Why is ‘sales’ only whispered in the legal profession?
Three articles in the 14 October edition of the Gazette made me wonder why the word ‘sales’ is still rarely used within the profession.
Page 1: Accountants to apply for probate rights
Accountants have simply spotted an obvious sales opportunity and are seeking to take advantage of it. Are solicitors looking for similar opportunities?
A good accountant, who has taken an active interest in the affairs of their high-net-worth clients for many years, will see probate as a natural extension of the service that they currently provide. It is a way of adding another string to their bow. It provides clients with a seamless service.
From their position, accountants will have a clear sales advantage over lawyers and even the likes of the Co-op who sell probate along with wills and funeral plans. They see their clients much more frequently than lawyers tend to do, if only to prepare their annual tax return, are more proactive at suggesting planning opportunities. They are also more adept at cross-selling.

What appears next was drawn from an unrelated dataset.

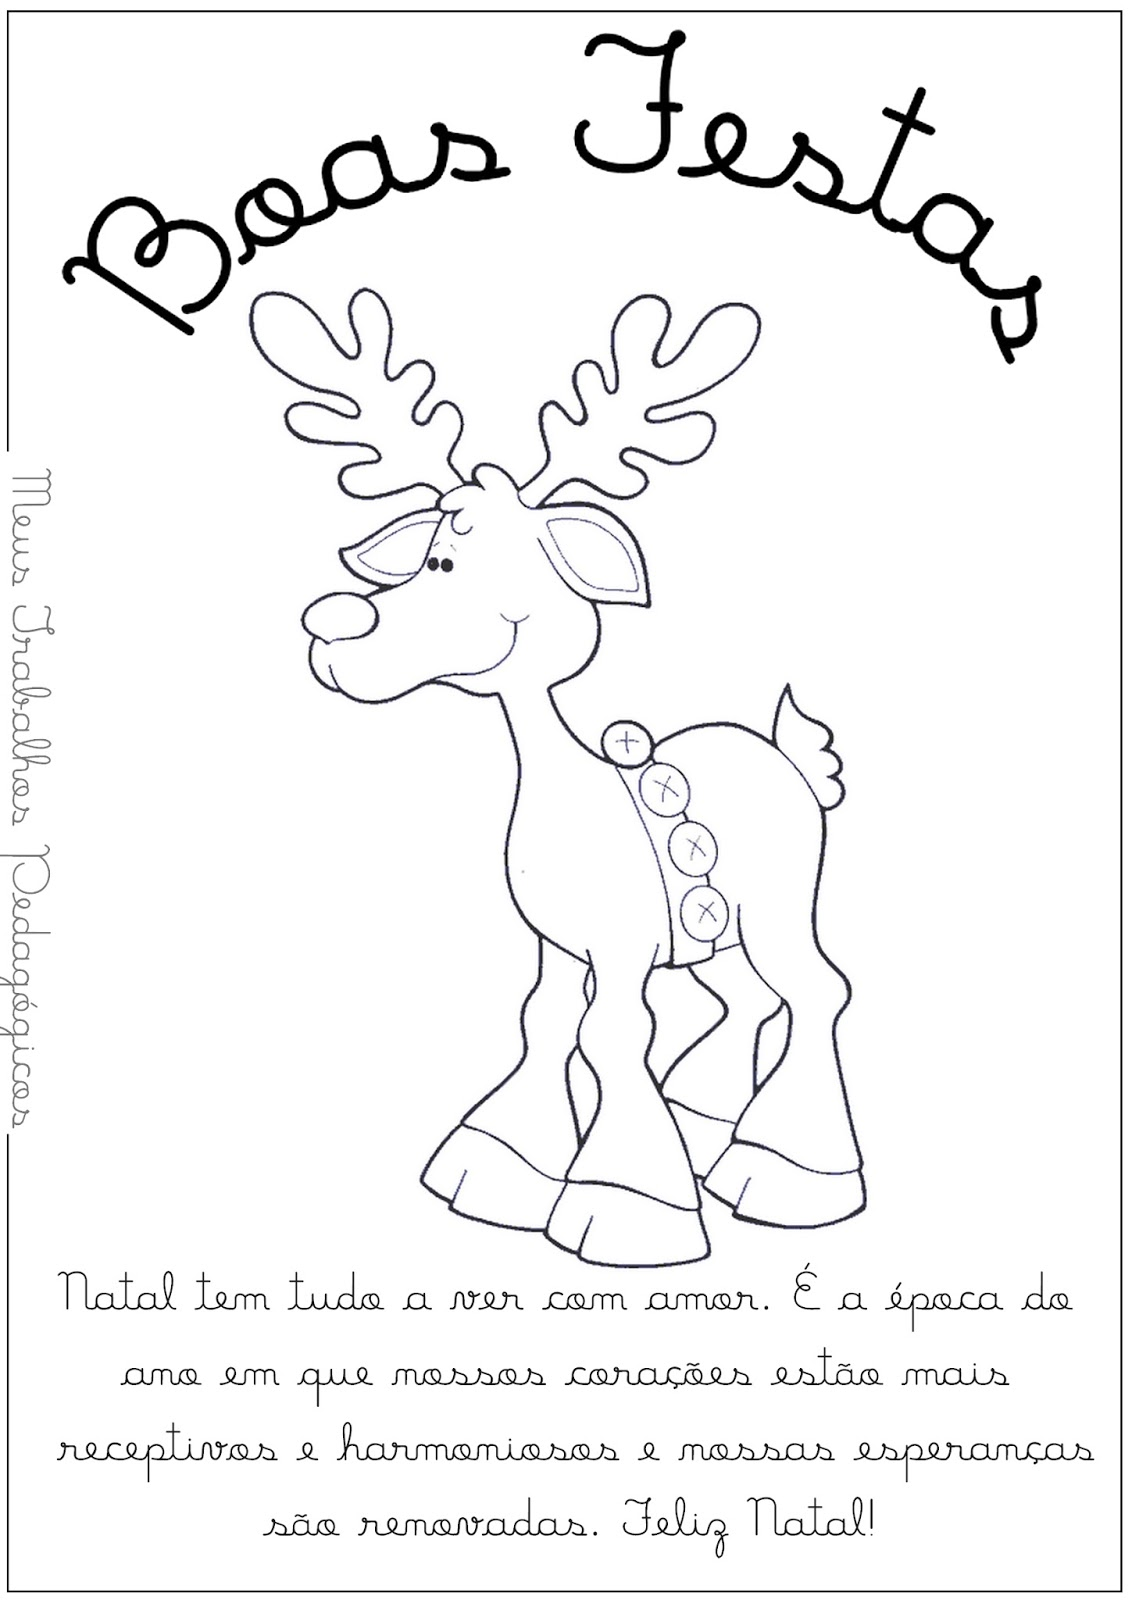 site de imagens para colorir de natal - Siga o Papai Noel Google traz desenhos para colorir online

Page 2: Profession 'inherently masculine'
There has been a great deal of coverage about the inequalities within the legal profession, but little coverage of ‘diverse’ professionals who are successful and why. In my experience, the successful professionals are good salespeople (the term 'rainmakers' tends to be used), but this is rarely mentioned and I am not aware of any studies into this in the UK, although there is some in the US.
When working with good rainmakers, I have often found them to have some sales experience. I recall one very successful corporate finance partner who financed his student travels in the southern hemisphere with a holiday job selling paintings door to door. He said that ‘once you have experienced that sort of rejection, there is nothing to fear in picking up the phone’.

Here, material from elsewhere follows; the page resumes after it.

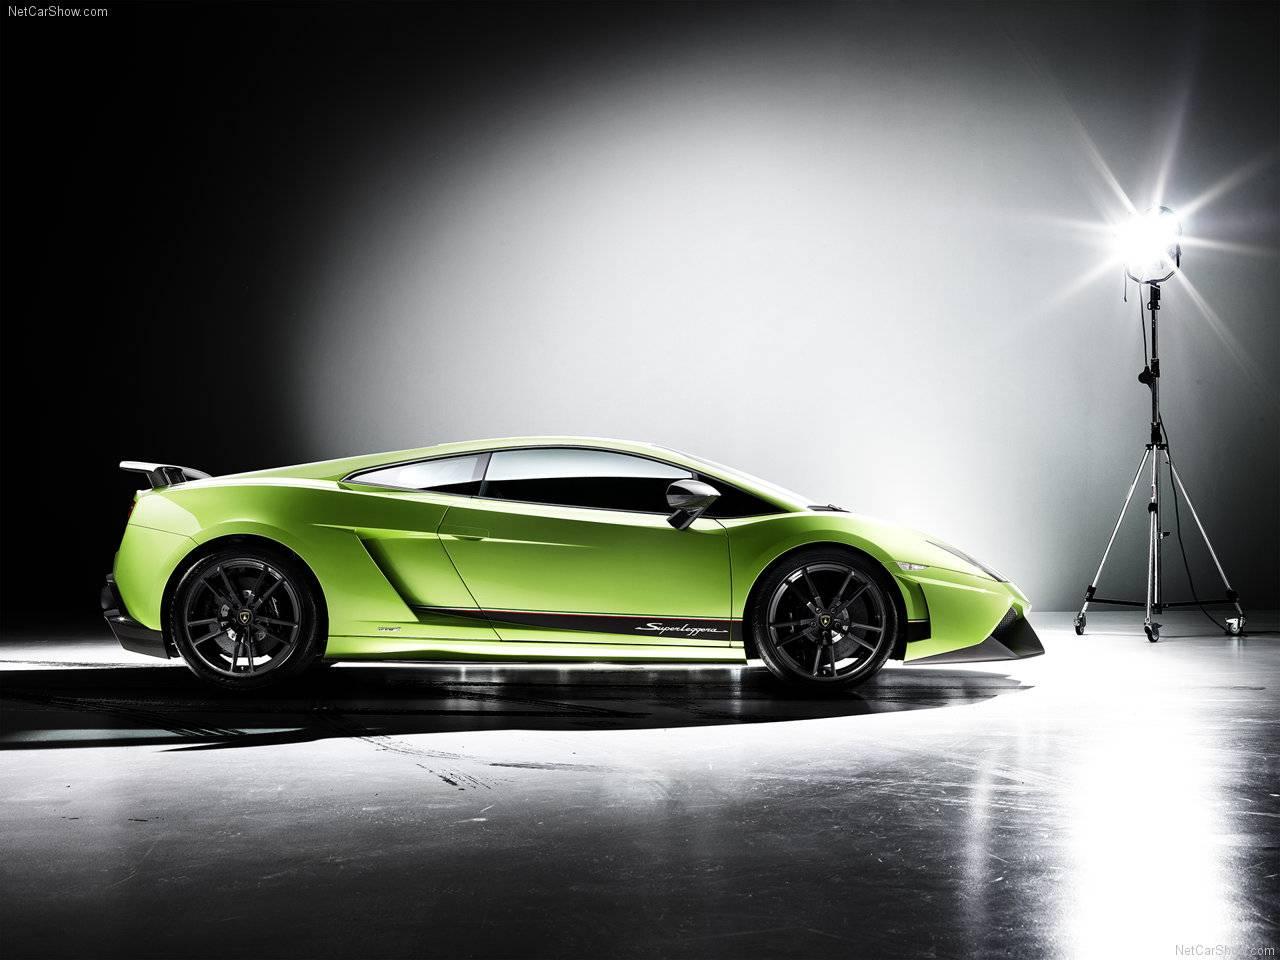 http://2.bp.blogspot.com/_lsyt_wQ2awY/TDipLvCZXaI/AAAAAAAB8_w/RYFAykXZDnU/s1600/Lamborghini-Gallardo_LP570-4_Superleggera_2011_1280x960_wallpaper_02.jpg

Another successful female partner told me of her student holiday job in one of the major electrical retailers where the sales culture and performance rewards had influenced her approach to business development (another euphemism for ‘sales’).
Page 12: Ticking the boxes is no longer enough
How can a student, such as Carly Moore-Martin, differentiate themselves from 300 other students with a similar degree and an impressive array of extra-curricular activities and interests?
Put yourselves in the shoes of the employer. Of course, you need someone who knows the law, but you can take your pick of those. Your other objectives will be to build a profitable practice in the face of growing competition. So all other things being equal, a candidate with sales and marketing skills is going to stand out from the rest. Alternatively, if you operate in particular target markets, a candidate with knowledge, experience and contacts within that sector will be more attractive.
Is a reticence to embrace and recognise the importance of sales making it easy for competitors to enter the legal market?